In a constant-pressure calorimeter, 50.0 mL of 0.320 M Ba(OH)2 was added to 50.0 mL of 0.640 M HCl. The reaction caused the temperature of the solution to rise from 21.80 °C to 26.16 °C. If the solution has the same density and specific heat as water, what is ΔH for this reaction (per mole of H2O produced)? Assume that the total volume is the sum of the individual volumes.

Question

In a constant-pressure calorimeter, 50.0 mL of 0.320 M Ba(OH)2 was added to 50.0 mL of 0.640 M HCl. The reaction caused the temperature of the solution to rise from 21.80 °C to 26.16 °C. If the solution has the same density and specific heat as water, what is ΔH for this reaction (per mole of H2O produced)?

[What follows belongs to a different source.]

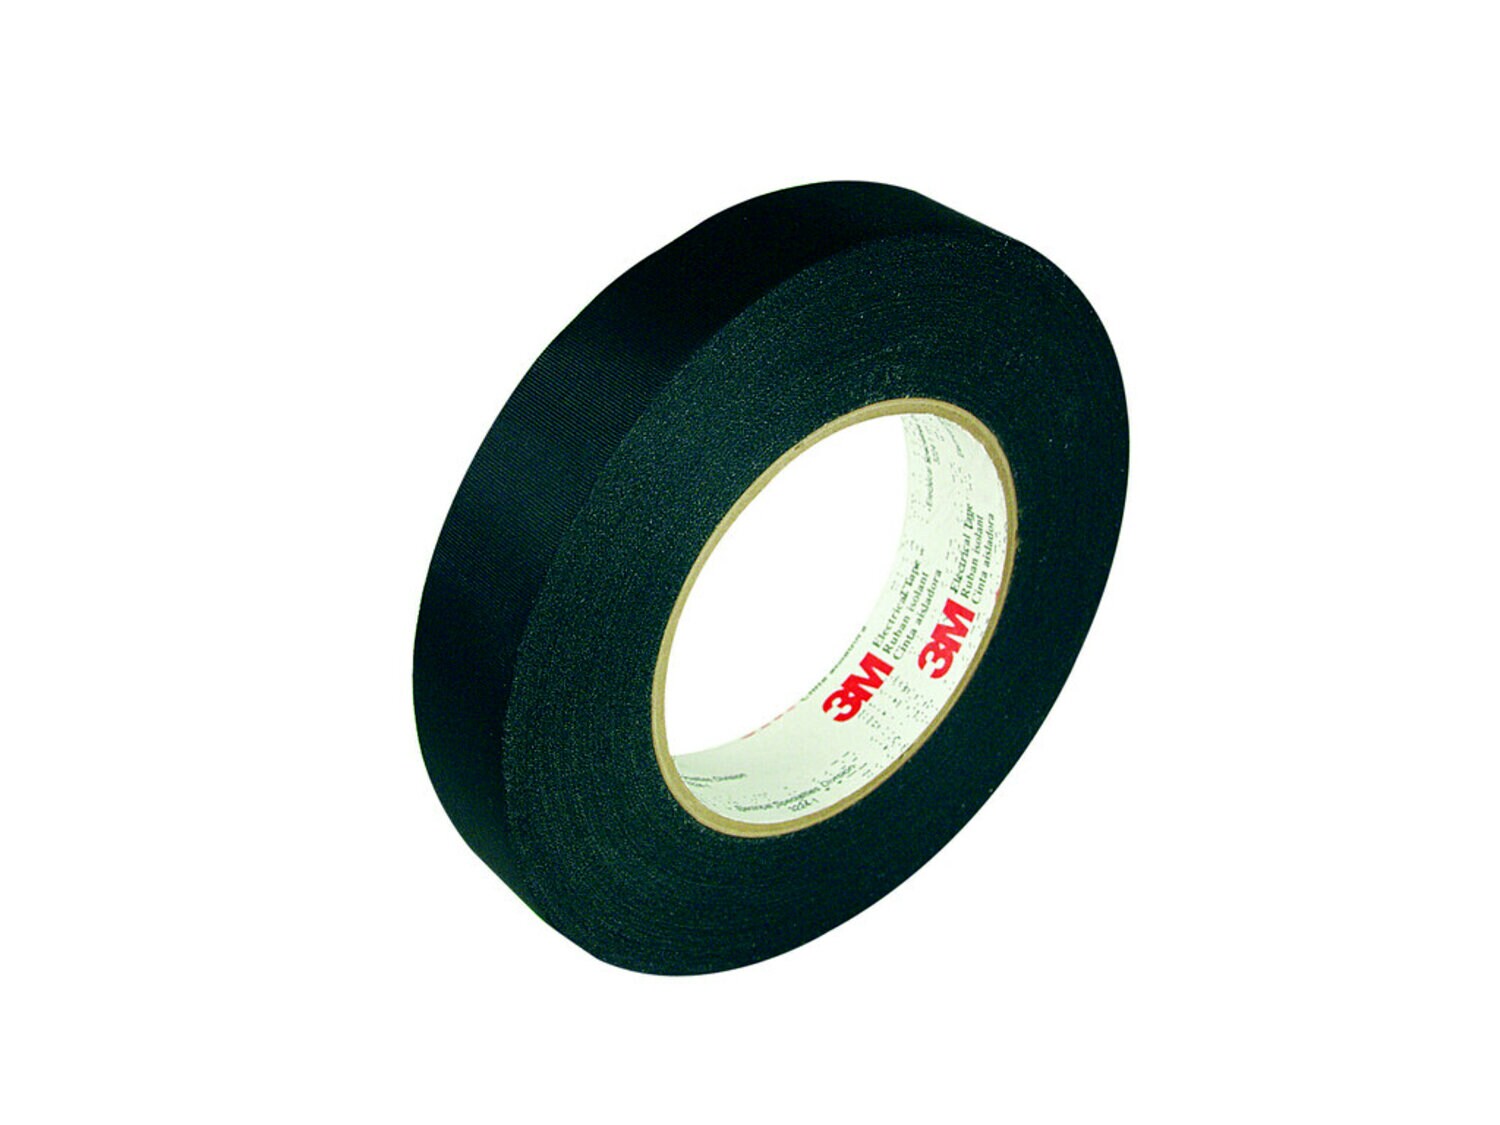 Scotch® Heavy Duty Rubber Electrical Tape 70 HDT, 1 in x 30 ft, Sky  Blue/Gray, 1 roll/carton, 24 rolls/case

Assume that the total volume is the sum of the individual volumes.

Answer 1

Ba(OH)2 + 2HCl ==> BaCl2 + 2H2O

mols Ba(OH)2 = M x L = 0.320 x 0.050 = 0.016
heat released = mass H2O x specific heat H2O x (Tfinal-Tinitial)
q = 100 x 4.184 x (26.16-21.80) = ?
q/0.016 = q/2 mol H2O so divide by 2 for q/1 mol H2O produced and add a negative sign since heat is released. Divide by 1000 to convert to kJ/mol H2O produced. The answer should be about 57 kJ/mol

Answer 2

To find the enthalpy change (ΔH) for this reaction per mole of H2O produced using a constant-pressure calorimeter, we need to use the equation:

ΔH = q / n

where:
q is the heat exchanged in the reaction
n is the number of moles of H2O produced

To determine q, we can use the equation:

q = m * c * ΔT

where:
m is the mass of the solution (in grams)
c is the specific heat capacity of water (4.18 J/g°C)
ΔT is the change in temperature of the solution (in °C)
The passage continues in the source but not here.